In daily clinical practice, mitral valve insufficiency is managed either by medical or
surgical therapy. However, since medical therapy is often not sufficient for patients
with severe primary mitral valve insufficiency, surgical intervention remains the
ultimate treatment option for these patients. In general, valve repair is the preferred
type of surgery, since it has better clinical results compared to valve replacement.
Currently, the indication and timing for valve surgery is mainly based on the severity of
mitral valve insufficiency and the presence of symptoms and/or severity of left
ventricular dysfunction. For clinical decision making and patient stratification for
mitral valve surgery, the presence of atrial fibrosis is currently not taken in account,
despite its well-recognized clinical implications.
Detection of atrial fibrosis patterns in patients with severe mitral valve insufficiency,
however, may be potentially valuable for the indication and timing of mitral valve repair
surgery to improve clinical outcomes. Improved insight into atrial fibrosis patterns and
changes after mitral valve repair due to reverse remodeling, may help clinicians in their
clinical decision making and timing for surgery.
Today, quantification of atrial fibrosis can be routinely performed using cardiac
Magnetic Resonance Imaging (MRI) techniques and advanced post-processing tools, offering
non-invasive tissue characterization in thin-walled structures.
To date, mitral valve insufficiency patients suffering from left atrial remodeling have
hardly been studied using these new imaging techniques. Therefore, in this study, the
investigators want to combine advanced cardiac MRI and post-processing techniques prior
to and after mitral valve repair surgery to gain insight on the clinical role and
predictive value of atrial fibrosis in this patient population.
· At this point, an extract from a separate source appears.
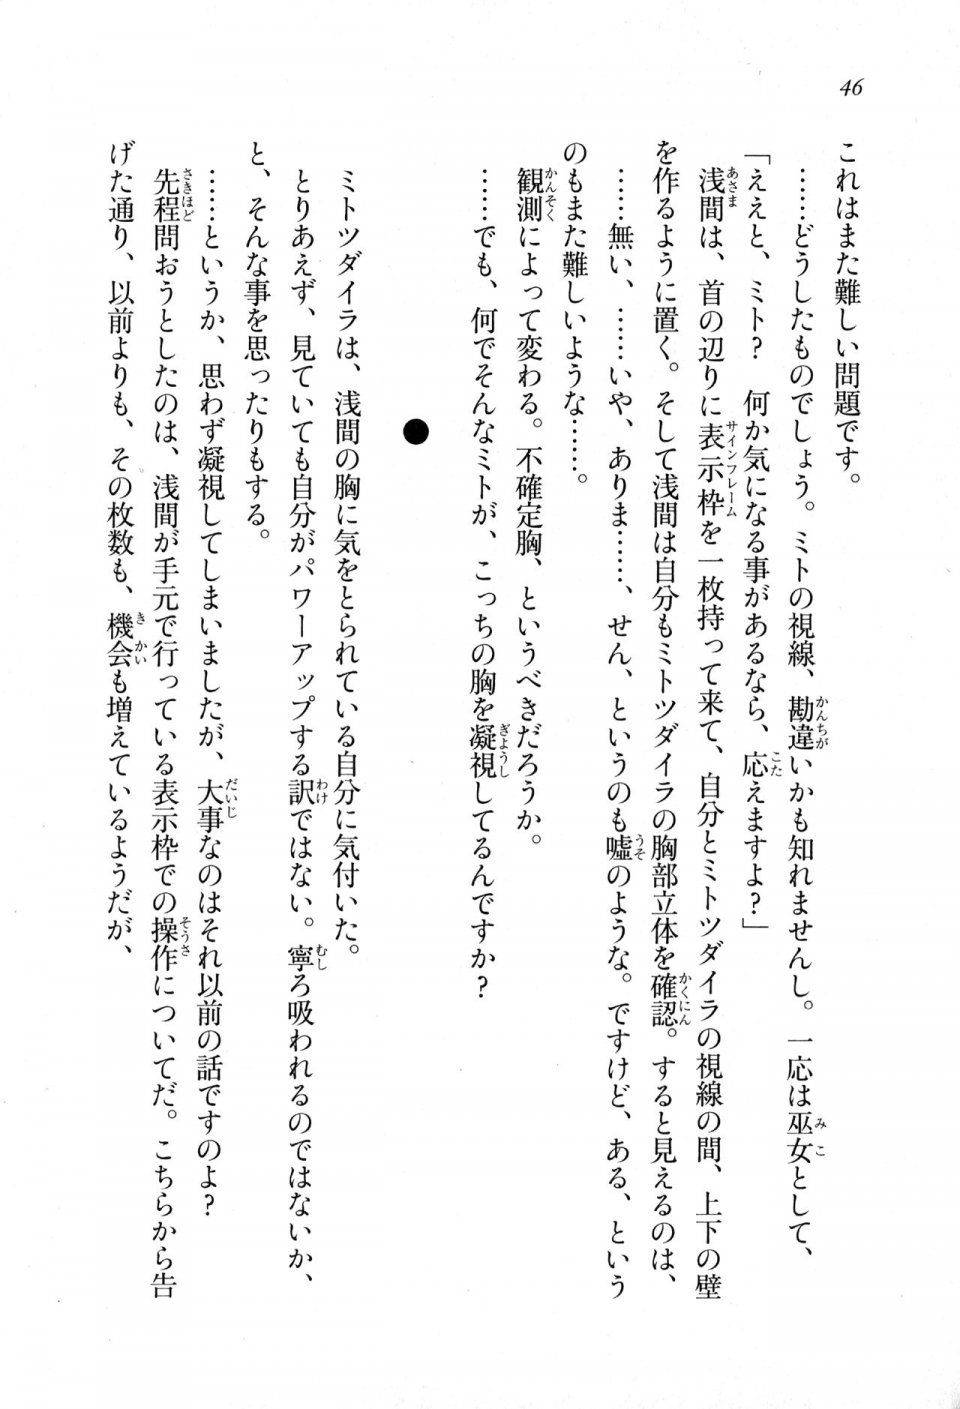 Kyoukai Senjou no Horizon LN Sidestory Vol 1 - Photo #44

In addition, the investigators aim to assess the effects of (reduced) volume overload on
atrial wall texture, geometry and function.
It is hypothesized that the atrial fibrosis surface area paradoxically will increase
after mitral valve surgery because of global shrinkage of the left atrium caused by the
reversed remodeling process. As a consequence, more frequently atrial fibrosis related
events including (paroxysmal) atrial fibrillation, may be observed in these patients.
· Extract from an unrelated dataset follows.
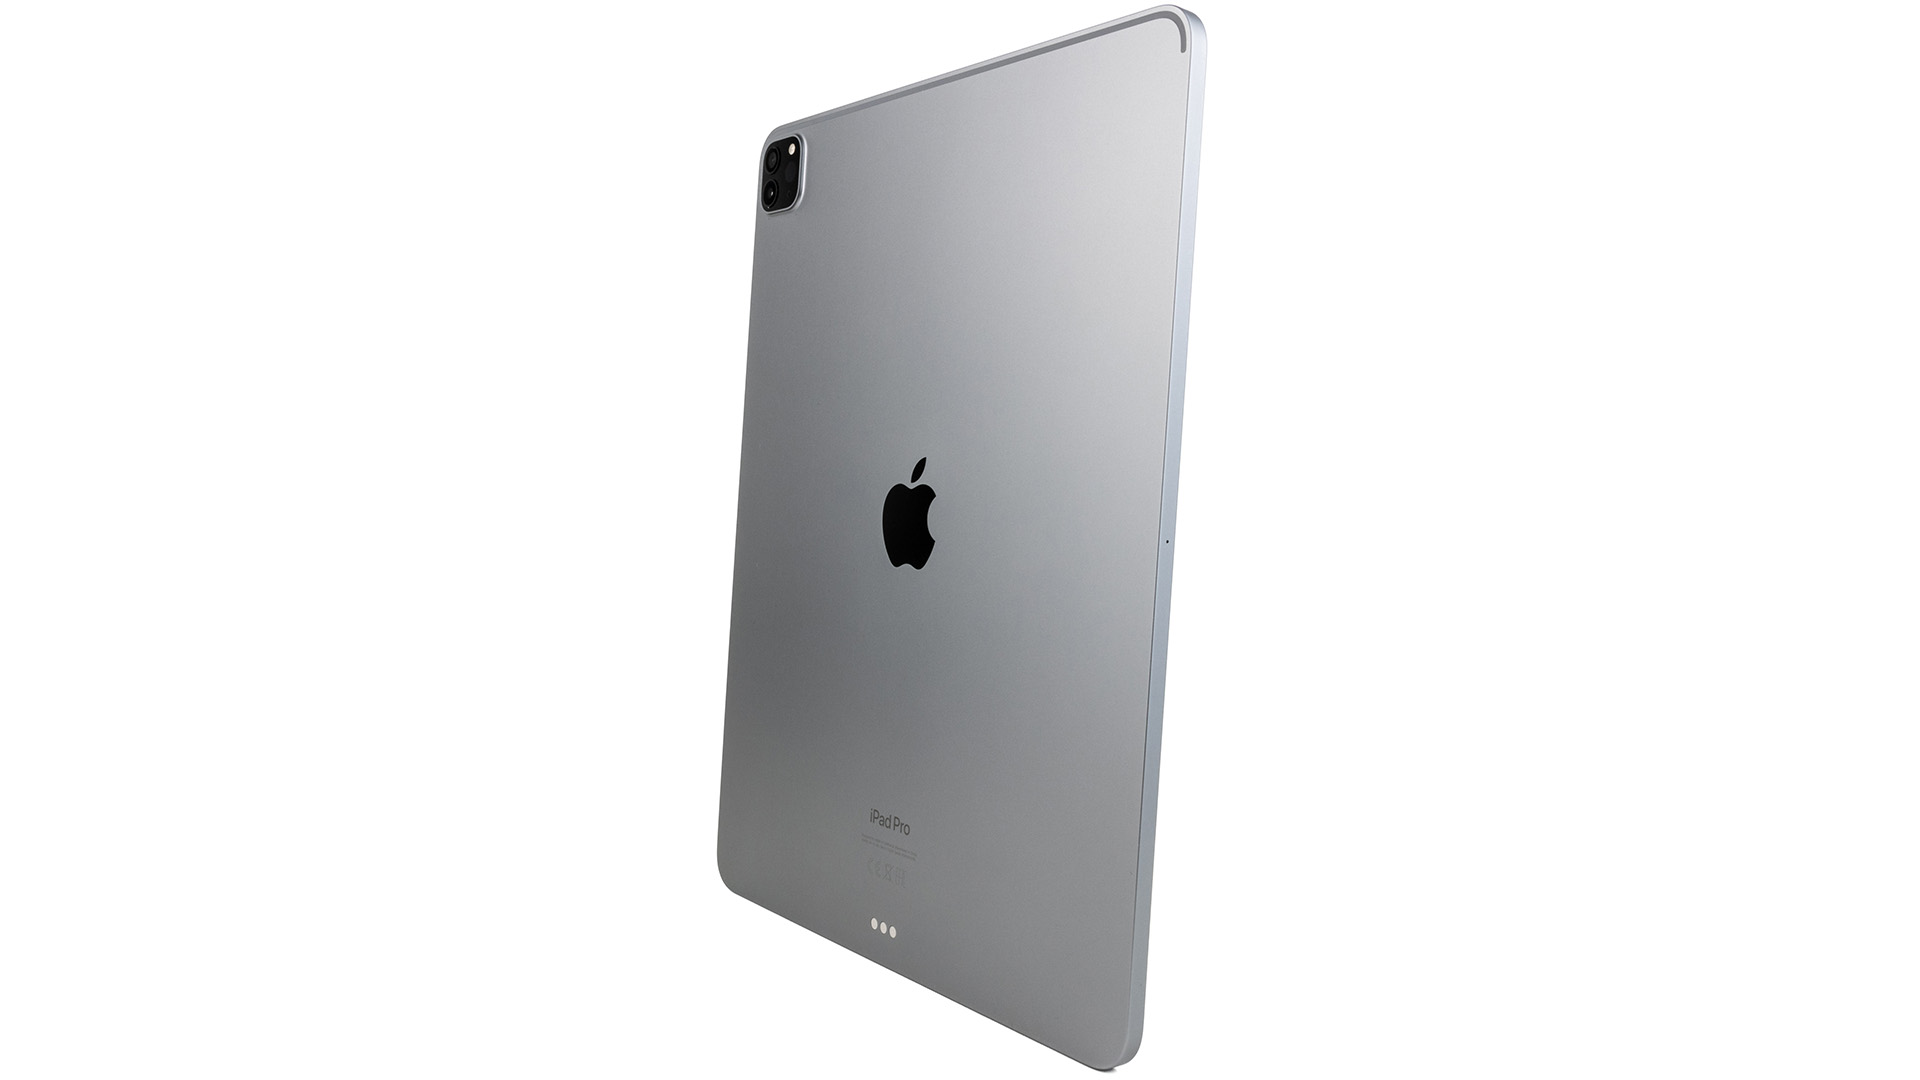 Bon plan : l'iPad Pro 11 pouces 256 Go à moins de 950 euros

With this insight, cardiac MRI can become clinical valuable for the indication and timing
of surgical intervention in these patients. Surgical therapy might be renounced for
example when a substantial increase of fibrosis surface is expected post-surgically
causing a higher risk for atrial fibrillation, heart failure, pulmonary hypertension and
a reduced quality of life. On the contrary, surgical therapy might be considered in an
earlier stage of disease when the amount of fibrosis is still limited regarding its
expected post-surgical development.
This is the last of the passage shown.